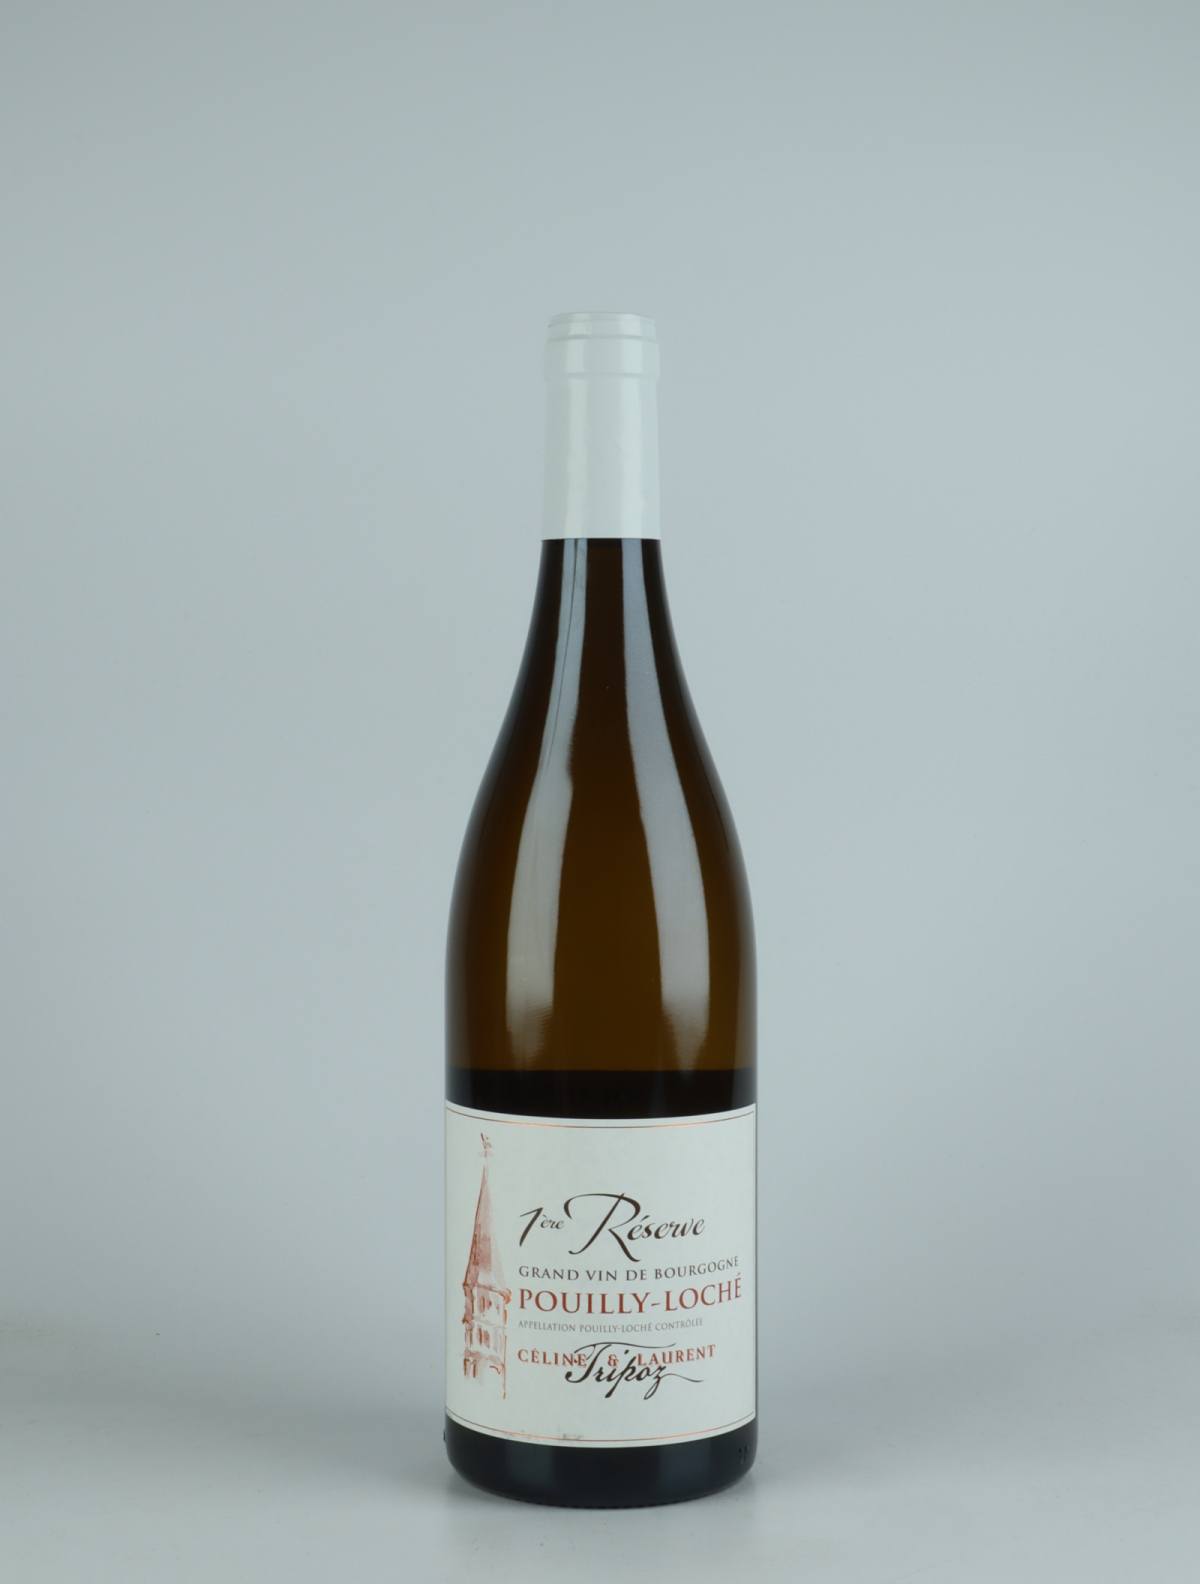 En flaske 2020 Pouilly-Loché - 1ère Réserve Hvidvin fra Céline & Laurent Tripoz, Bourgogne i Frankrig
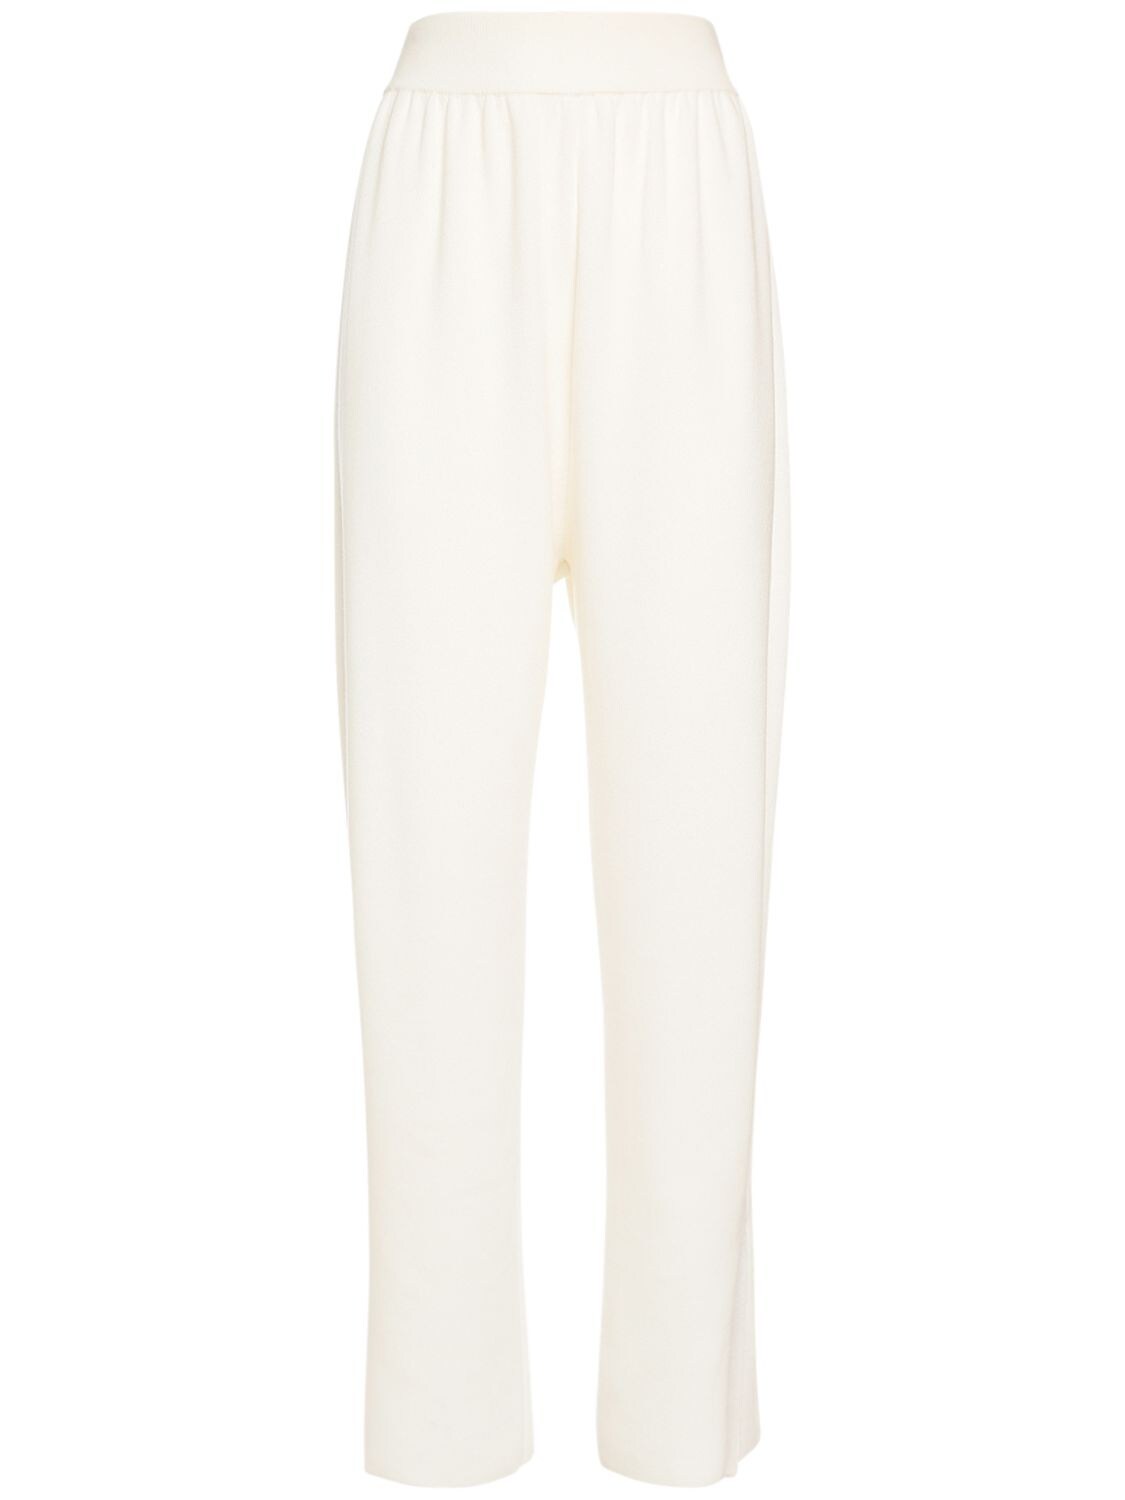 Agnona Cotton Blend Knit Pants In White
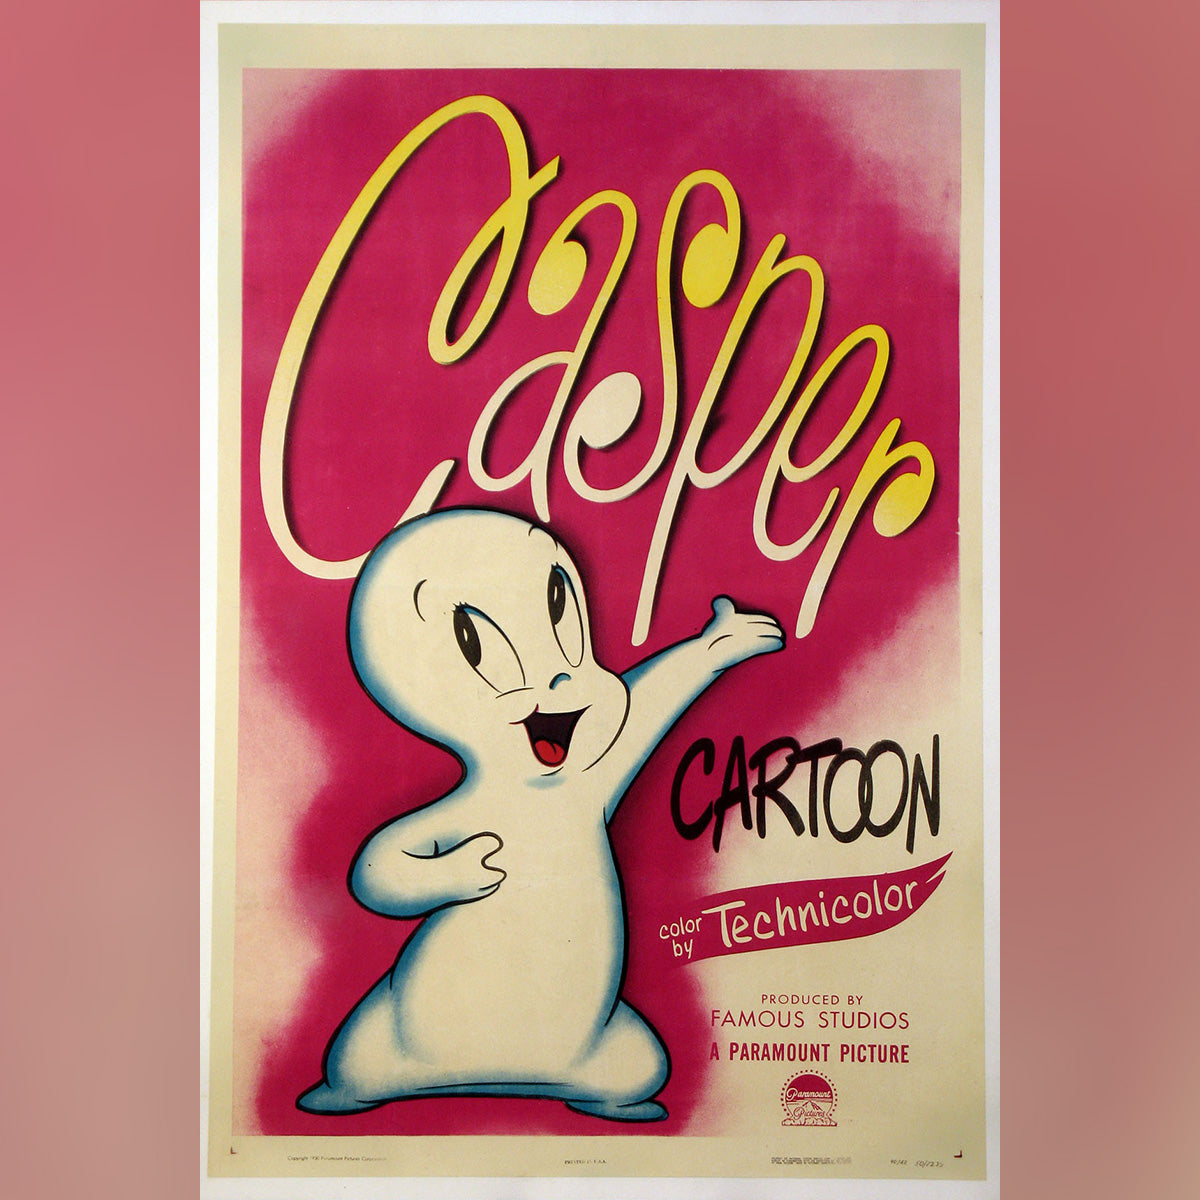 Original Movie Poster of Casper (1950)
══════════
:: AIM OF THE TASK ::
Please write out, exactly, every line from the line with "Agnona Cotton Blend Knit Pants In White" through the final line of the data above, leaving out pictures.

:: EXERCISE SOLUTION ::
 Agnona Cotton Blend Knit Pants In White
 Original Movie Poster of Casper (1950)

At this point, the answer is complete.